Following our conversation last Thursday, the Fed has been focused on loosening up the jobs market, as a means to relieve inflation pressures.
The report released Friday morning on the August employment situation is a key input in the Fed's "data-dependent" decision-making process (on rates).
So, what did the report say?
Unemployment ticked up.
Hours worked ticked down.
The monthly change in wages was modest.
That's all going in the direction of a cooling employment situation
The next big data points will be;
September 13th: We'll get the August inflation data, which should be on the decline (given the sharp fall in gas prices last month).
September 21st: We'll get the next Fed decision on rates.
The data is telling us that the exuberance in the economy has exhausted and inflation is softening - thus we should expect the Fed to be at or near the end of this rate hiking cycle.

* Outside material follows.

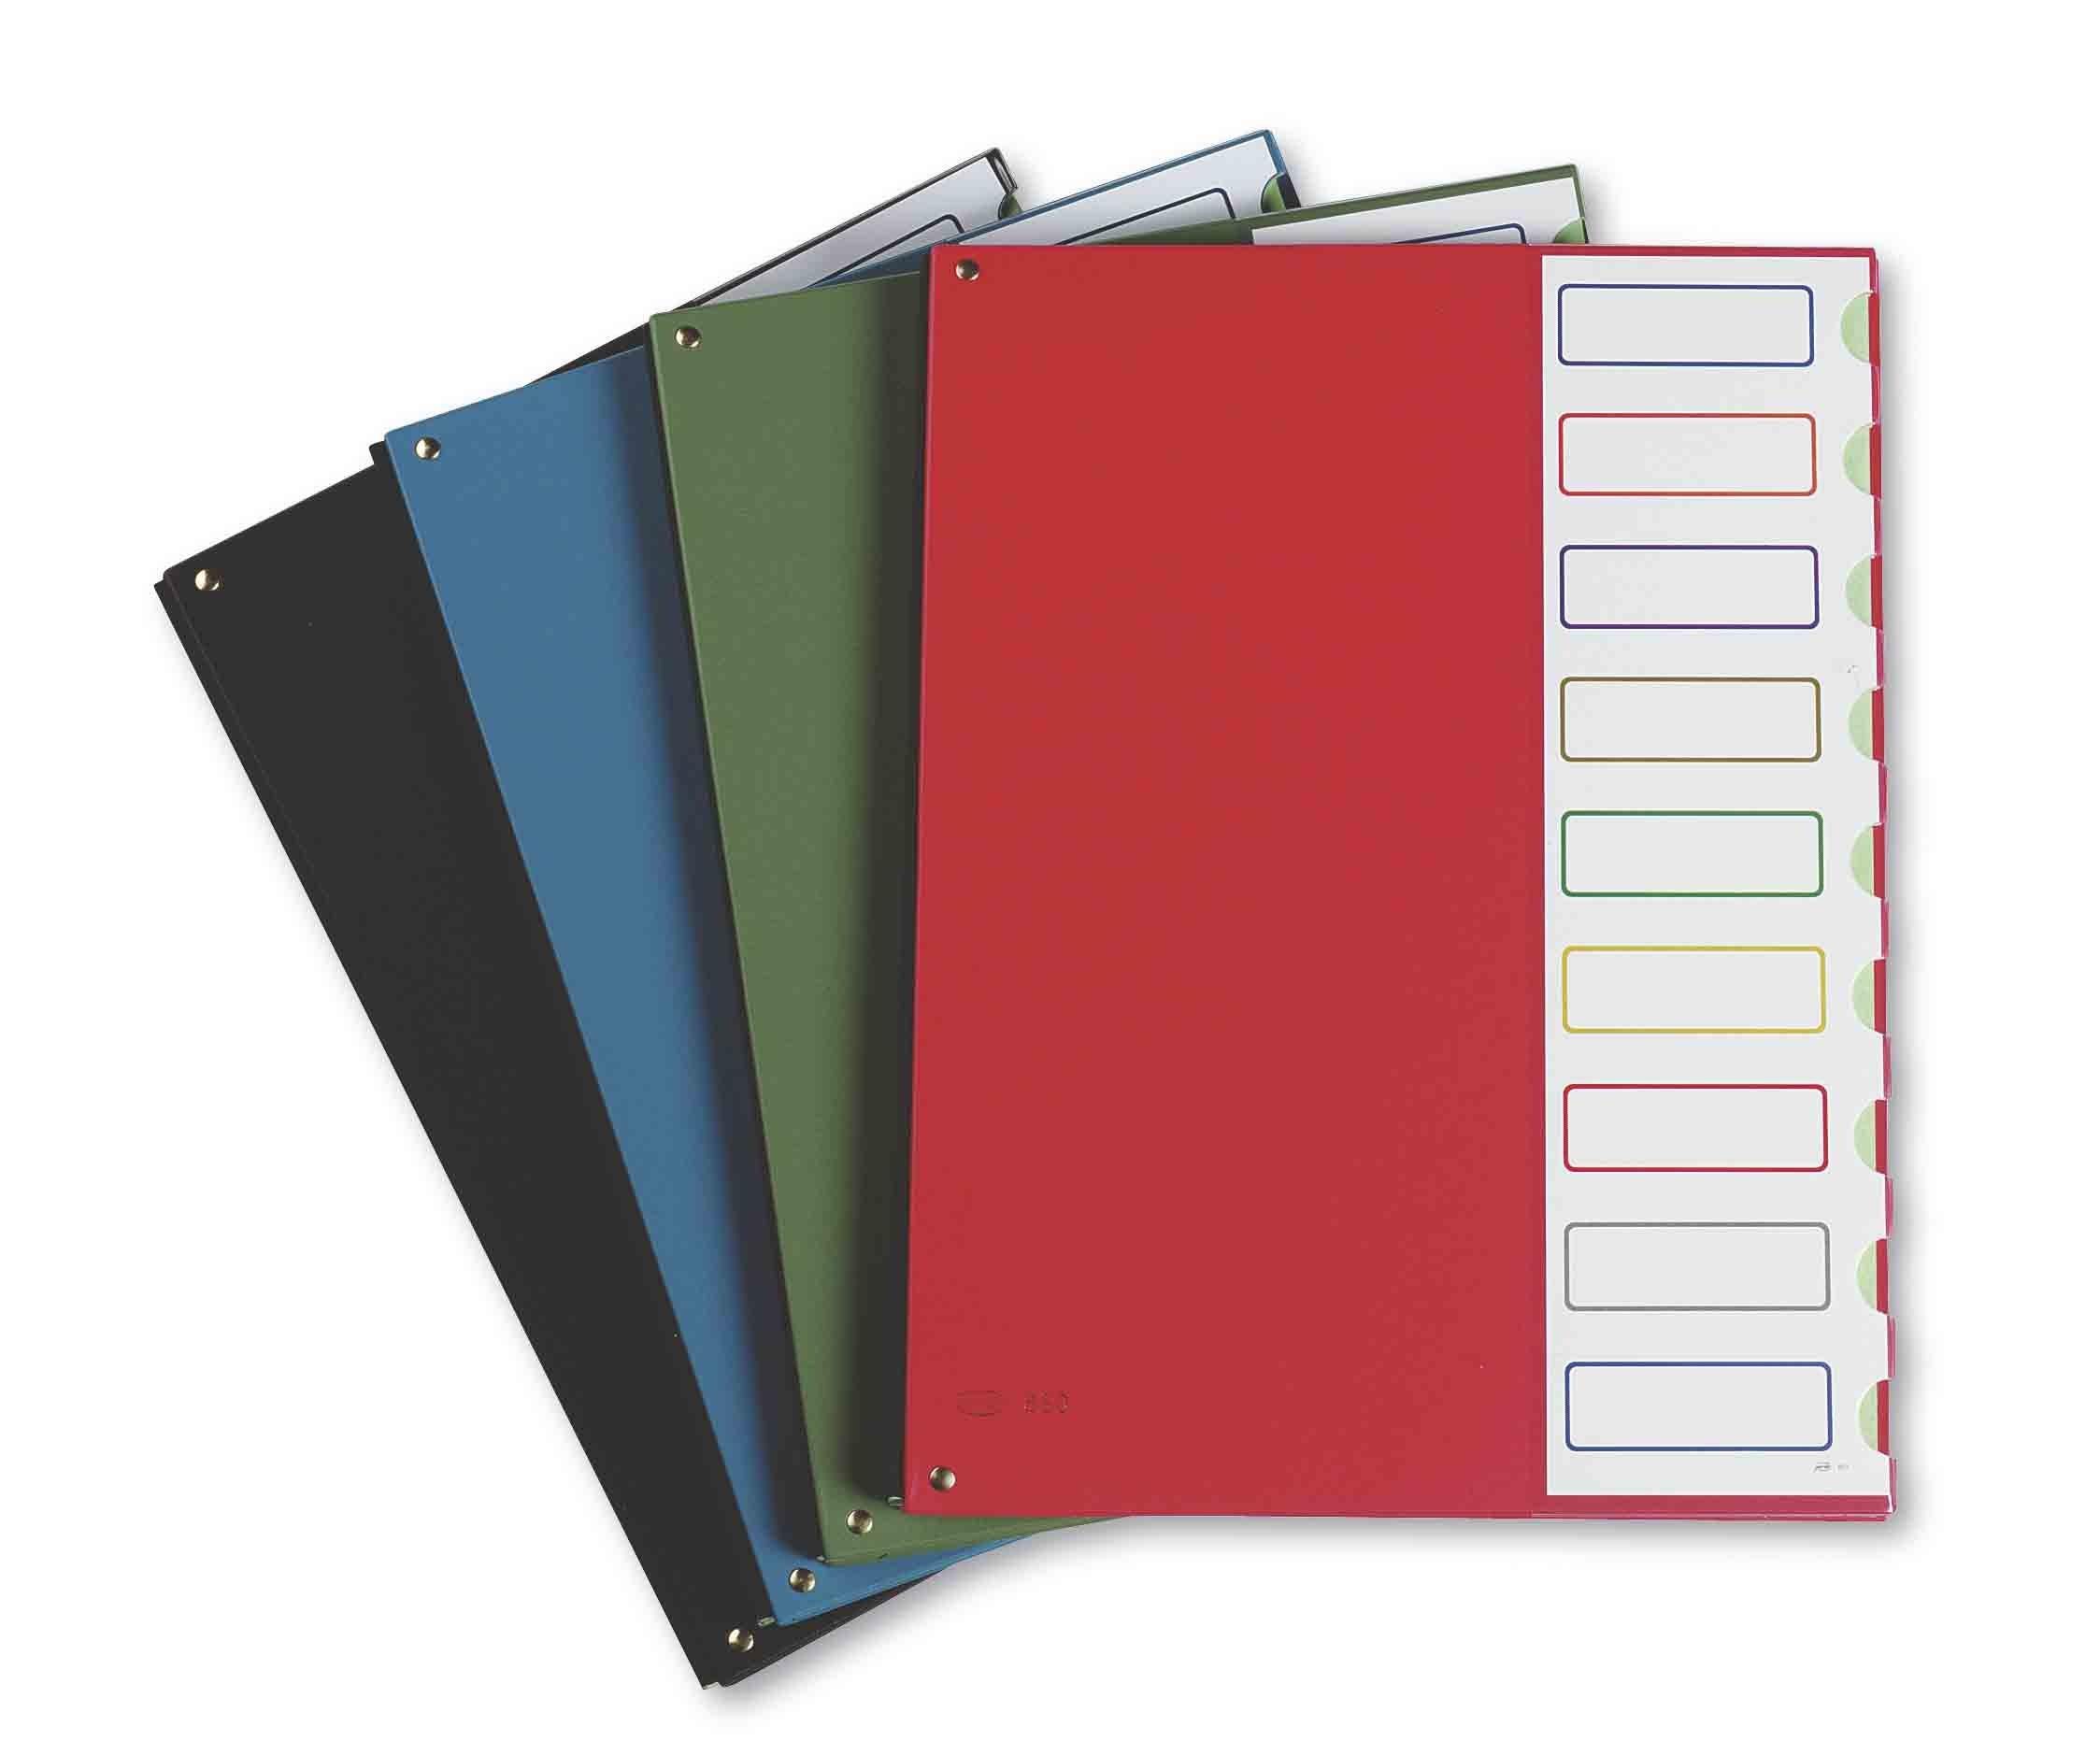 Pardo 85004–Clasificador Covered Plastic 9Compartments Closing Erasers, Green

What could be a catalyst to not only end this cycle, but to reverse it?
Europe.
As we’ve discussed previously, the European Commission has threatened to intervene in the energy market, to offset skyrocketing energy prices in Europe with government subsidies.
Related to that effort, G7 countries are stepping up threats to put price caps on Russian energy exports, shown below, (capping the price at which they would pay). Meanwhile, Putin is responding by taking the Nordstream 1 pipeline offline, indefinitely (for "maintenance").
The Western world thinks they can starve Putin of revenue. Putin thinks he can starve Europe (particularly Germany) of energy.
The energy void is unlikely to be filled by OPEC. Iran? We will see.
Nonetheless, it looks like a lose-lose scenario may be approaching, if not here. Cutting more fossil fuel supply, into a structural global shortage, would mean higher prices. And if governments want to subsidize energy, they will do so at the expense of solvency.